Simultaneous to the struggles of the Pilgrims, apple trees were also trying to define themselves in the New World. While it was unnoticeable at first, the settlers soon realized that something interesting was occurring with these trees. Not only did they seem okay with the harsher temperatures and rocky soils, but after a decade or two growing to fruit-bearing age, proof eventually came that the trees were more suitable here than in old England. The apple tree, having worked its roots around heavier, rocky soil, produced a fruit with superior taste-intensity, becoming the first element of Western culture to surpass Europe’s nurturing. Finally, empirical and divine proof that Western civilization could succeed in North America!

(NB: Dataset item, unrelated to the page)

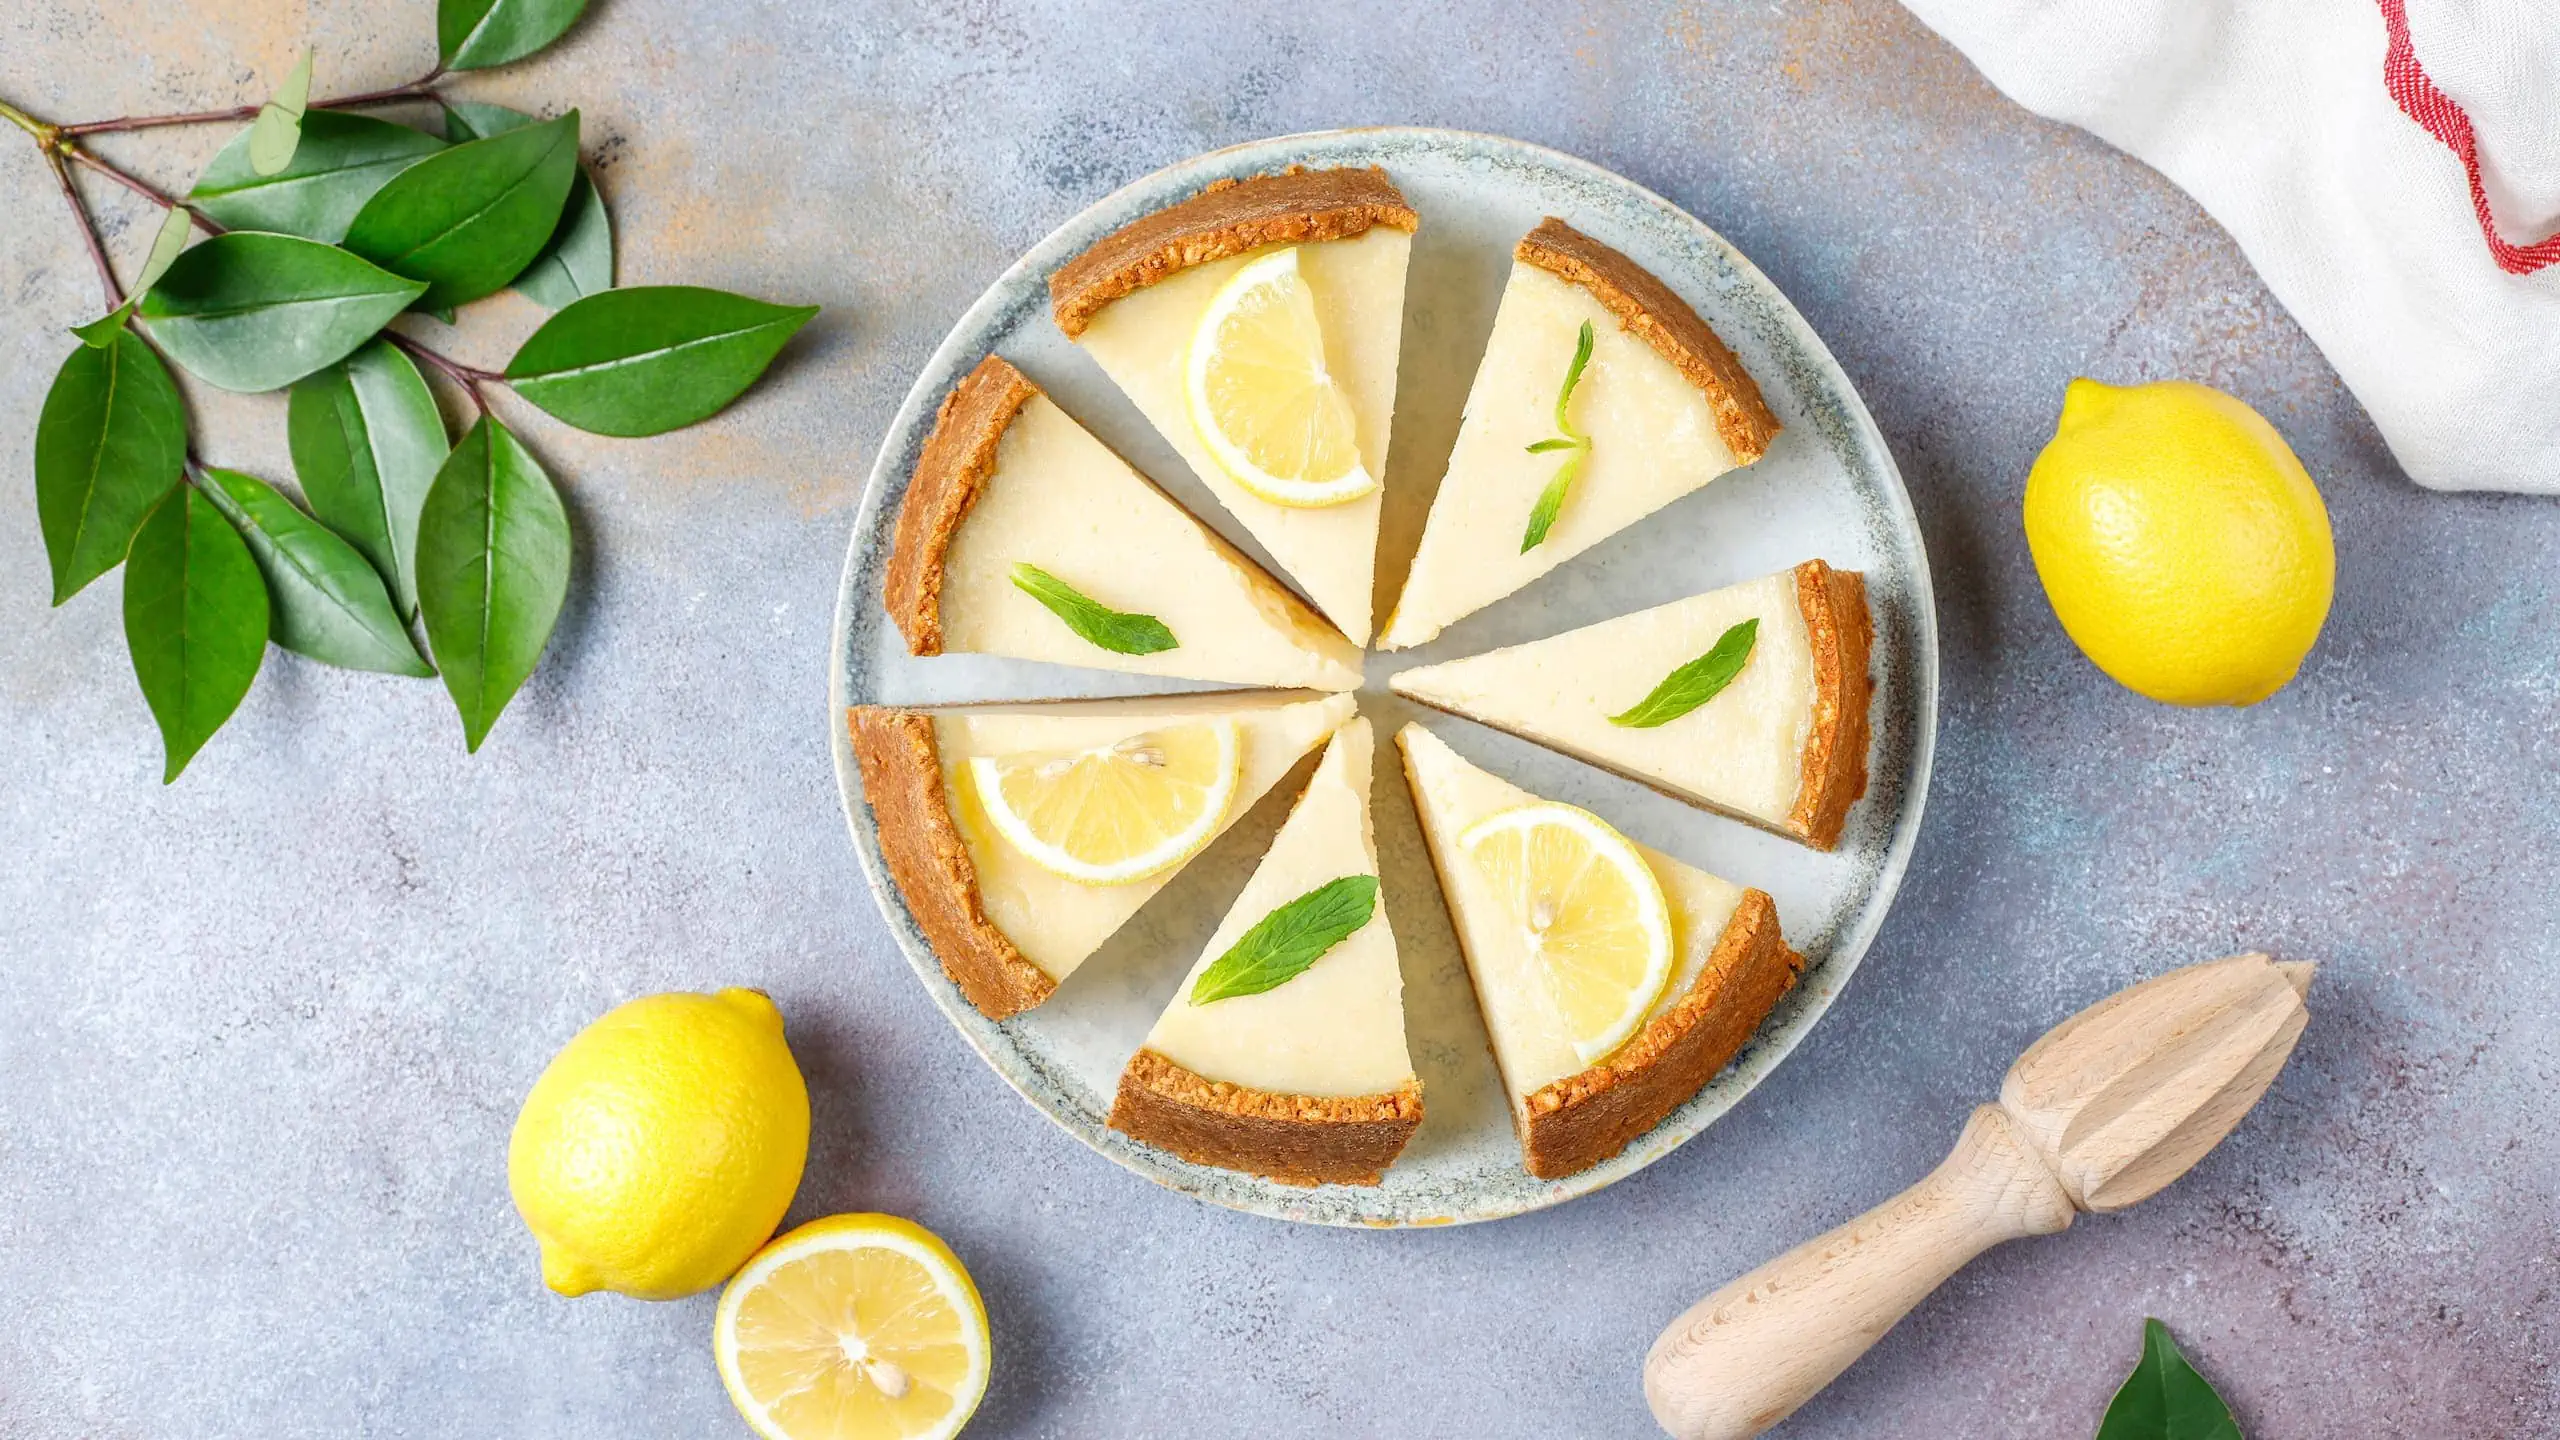 Homemade Kermit's key lime pie with lemon and mint

The goal was clear: Follow the apple.
The success of the tree in the Northeast is not surprising to us now that we know more about the extended history of Malus domestica. Pomologists (those who study the science of apples) currently believe they originated in Central Asia in the foothills of the Tien Shan Mountains where the climate, latitude, and terrain more closely resemble the extremes of New England than they do old England. But having the fruit do better here became America’s original boasting point. It became known as America’s fruit, sort of like a colonial In your face!

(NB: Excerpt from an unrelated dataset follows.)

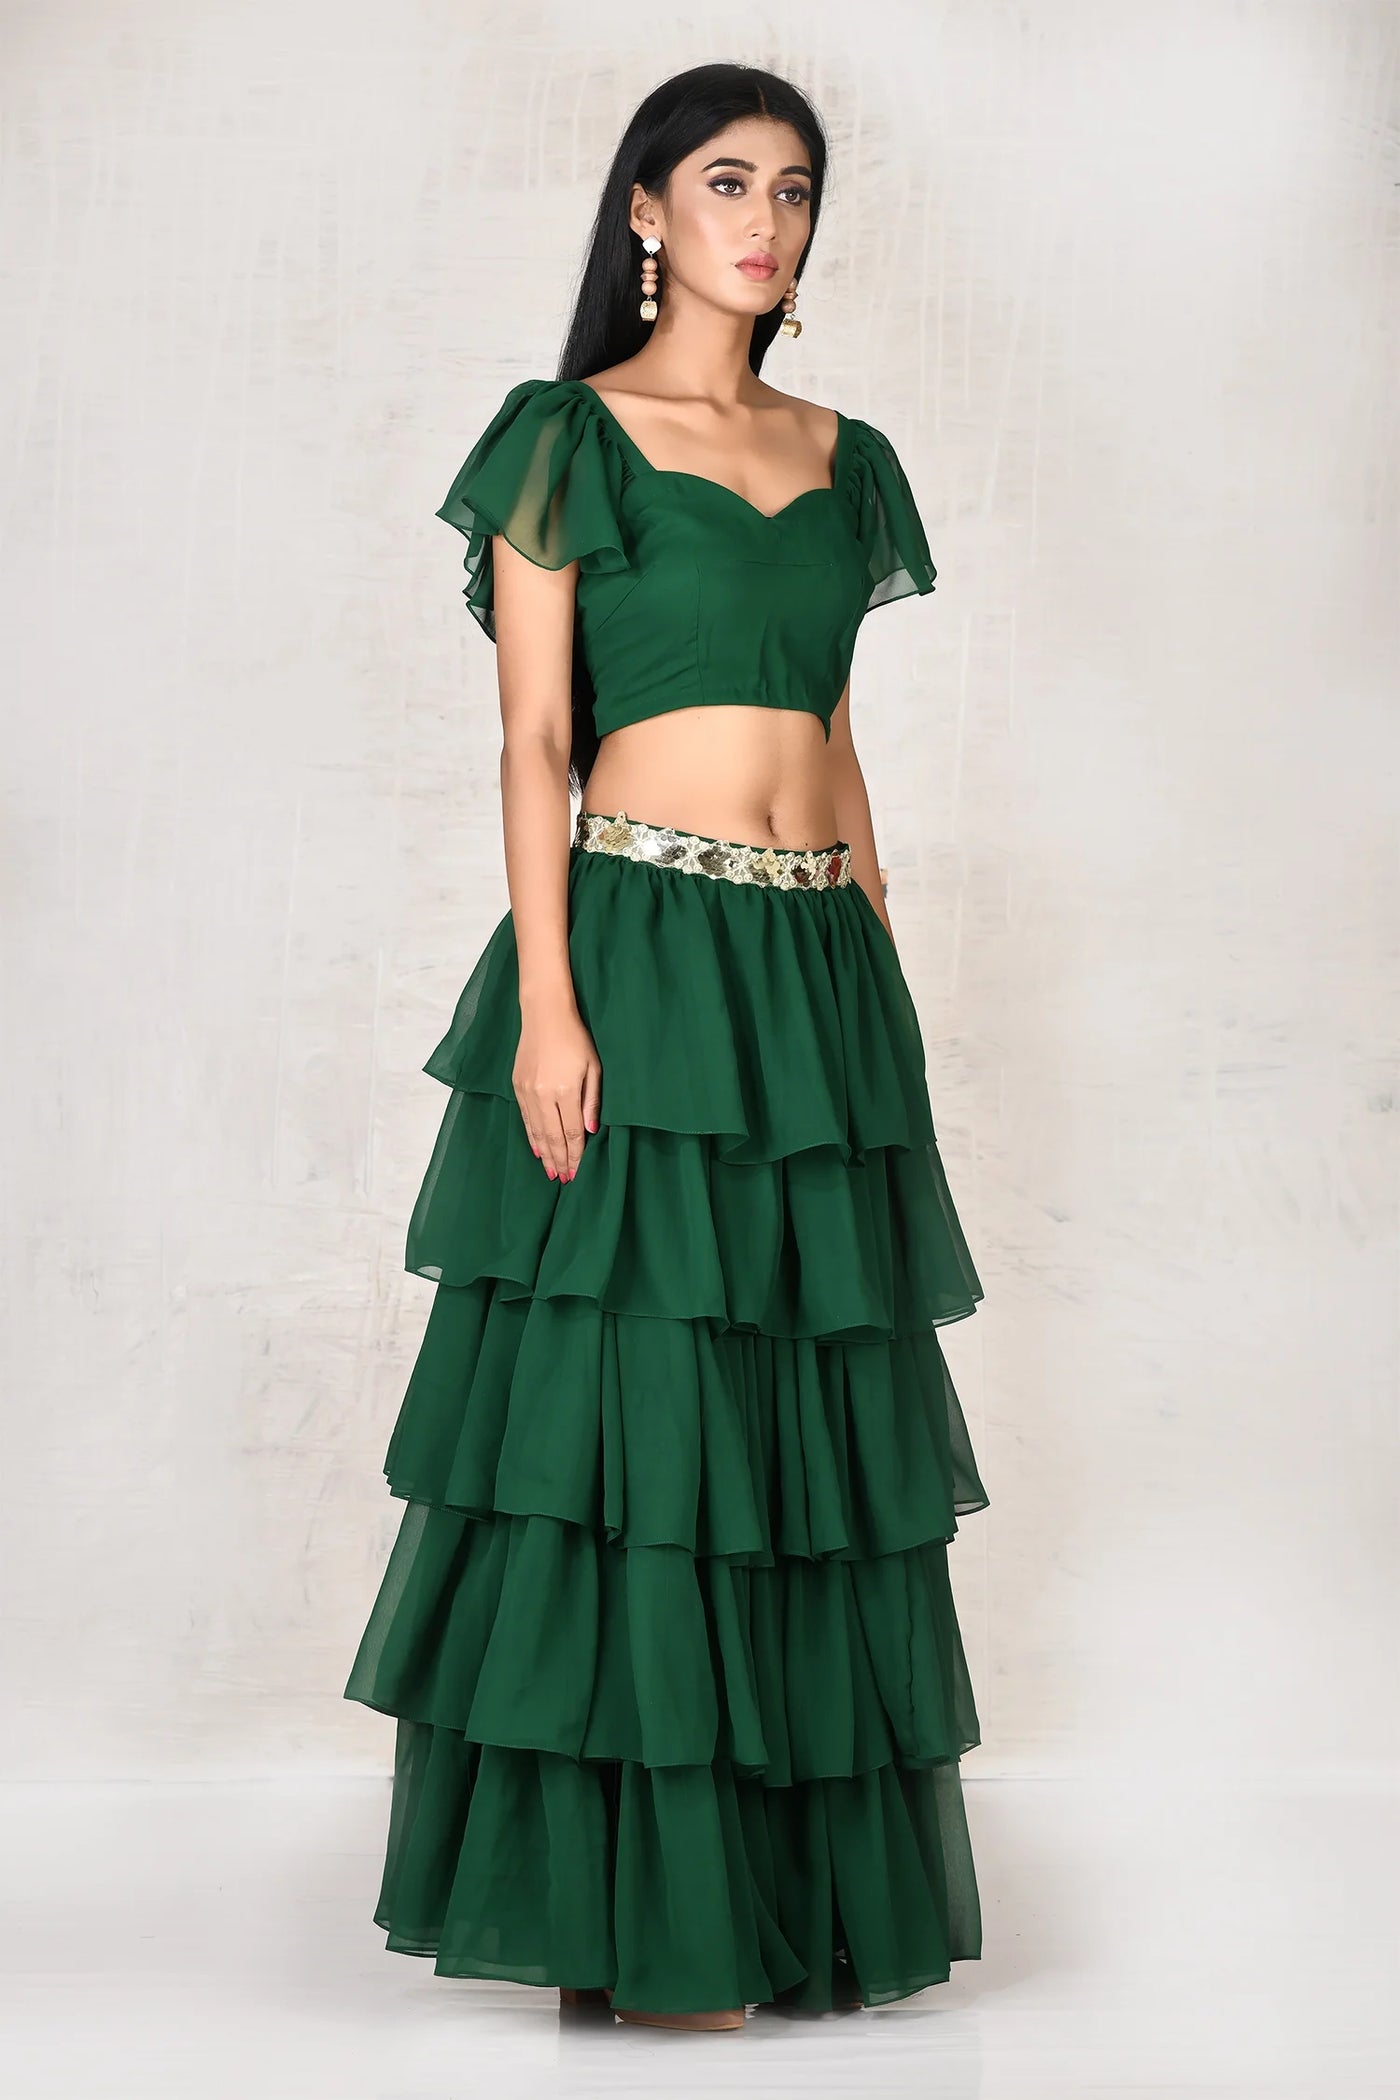 Emerald Green Outfits For The Cocktail That Are Absolute Stunners! | Indian  outfits lehenga, Indian bridal outfits, Indian bridal dress

Over time American apples only became more highly esteemed, and even as war was brewing with the mother country, apples were being exported back to England. Their praise was sung by famous men and women on both sides of the Atlantic. And by the end of the nineteenth century, American apple varieties were being grown worldwide. Even today American cultivars (short for “cultivated varieties”), including some of those early heirloom varieties, disproportionately dominate global markets. The apple is unquestionably America’s fruit—that is, if America starts with Western culture.